Powered and passive exoskeletons have successfully reduced the metabolic cost of steady state walking, especially when assistance is personalized to the user. To translate these successes toward community ambulation two things must happen: (1) viable assistance profiles must be found across varying locomotion modes (speed, grade, etc.) found in everyday walking and (2) hardware must be designed with energetic constraints and torque requirements in mind. In this study, we begin to address each of these challenges by emulating a novel semi-active hip exoskeleton device and optimizing its hardware/control properties (spring stiffness and equilibrium angle) across a range of functional walking speeds.
We employed an impedance controller to assist hip extension and flexion with a zero-impedance phase during late swing. Each participant habituated to the device for 1 hour before parameter optimization. At each walking speed (1.0, 1.3, and 1.6 m/s), we swept 30 randomized combinations of spring stiffness (30-120 Nm/rad) and equilibrium angle (10-60% of peak-to-peak hip angle with peak extension at 0%) for 2 minutes each while recording metabolic cost and muscle activity. We then compared the metabolic cost of speed-specific optimal assistance and walking without assistance at each speed.
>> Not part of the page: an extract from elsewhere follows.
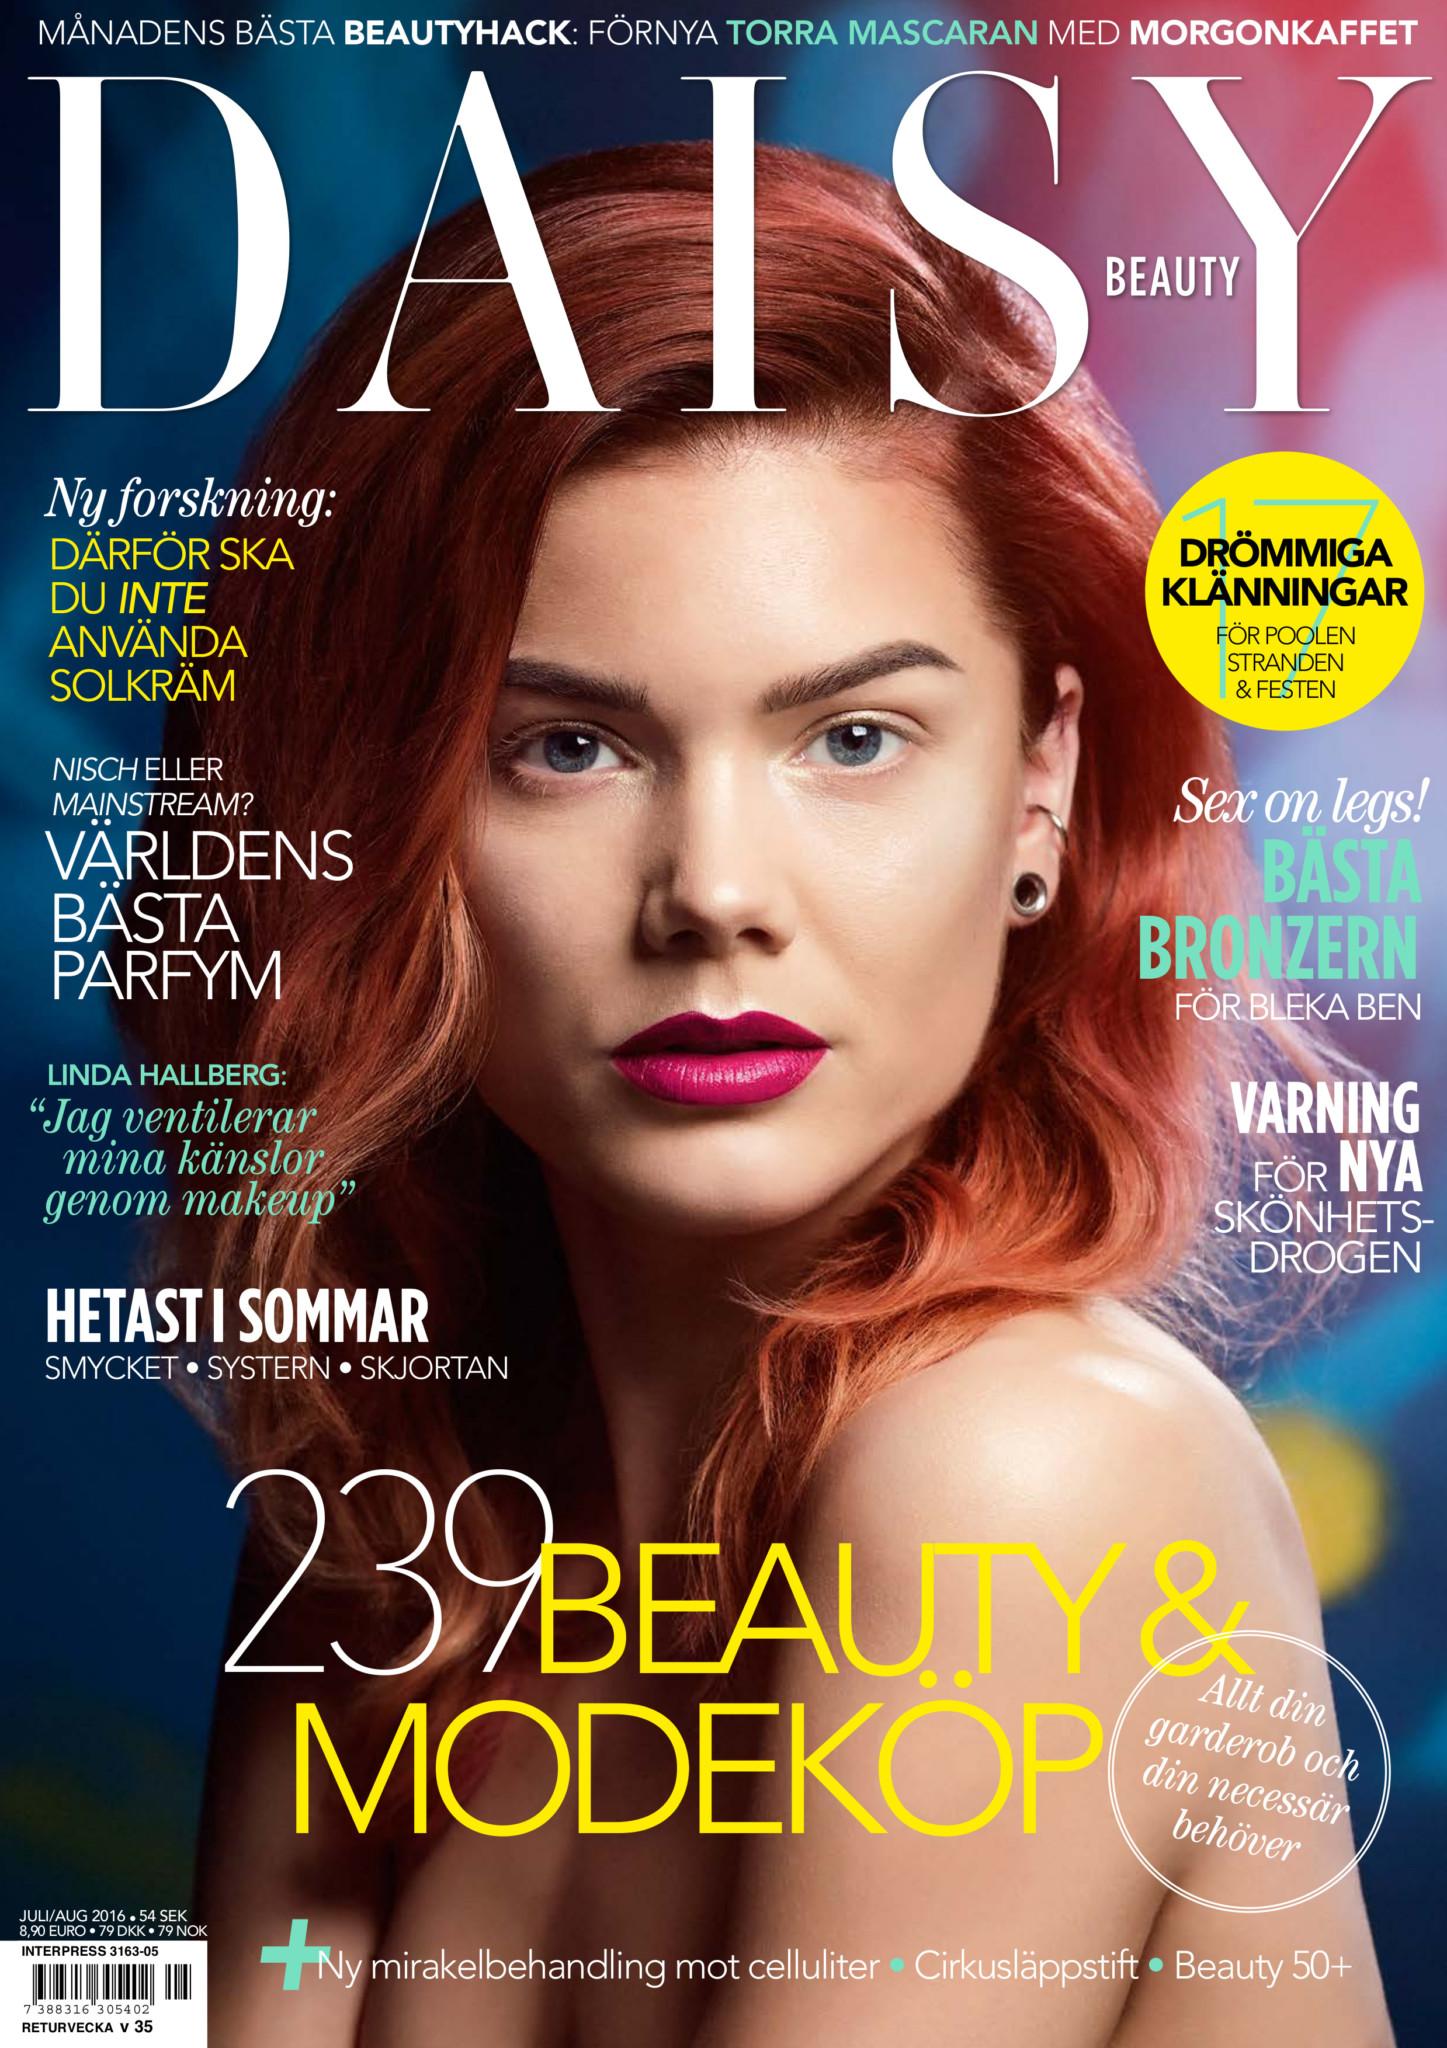 Omslag Daisy Beauty nr 5/2016

Personalized assistance reduced metabolic cost by ~10% across all speeds compared to walking in the emulator with zero-impedance and provided higher reductions compared to average-best assistance, especially at 1.6 m/s. Optimal semi-active assistance required stiffer springs and extension-biased equilibrium angles with increasing walking speed. We also found changes in muscle activity significantly correlated with metabolic cost, especially with muscles local to the hip. This is the first study to optimize semi-active hip exoskeleton assistance across walking speeds to reduce metabolic cost. We found personalization is important and online tuning can focus on minimizing local muscle activity to generate metabolic benefits.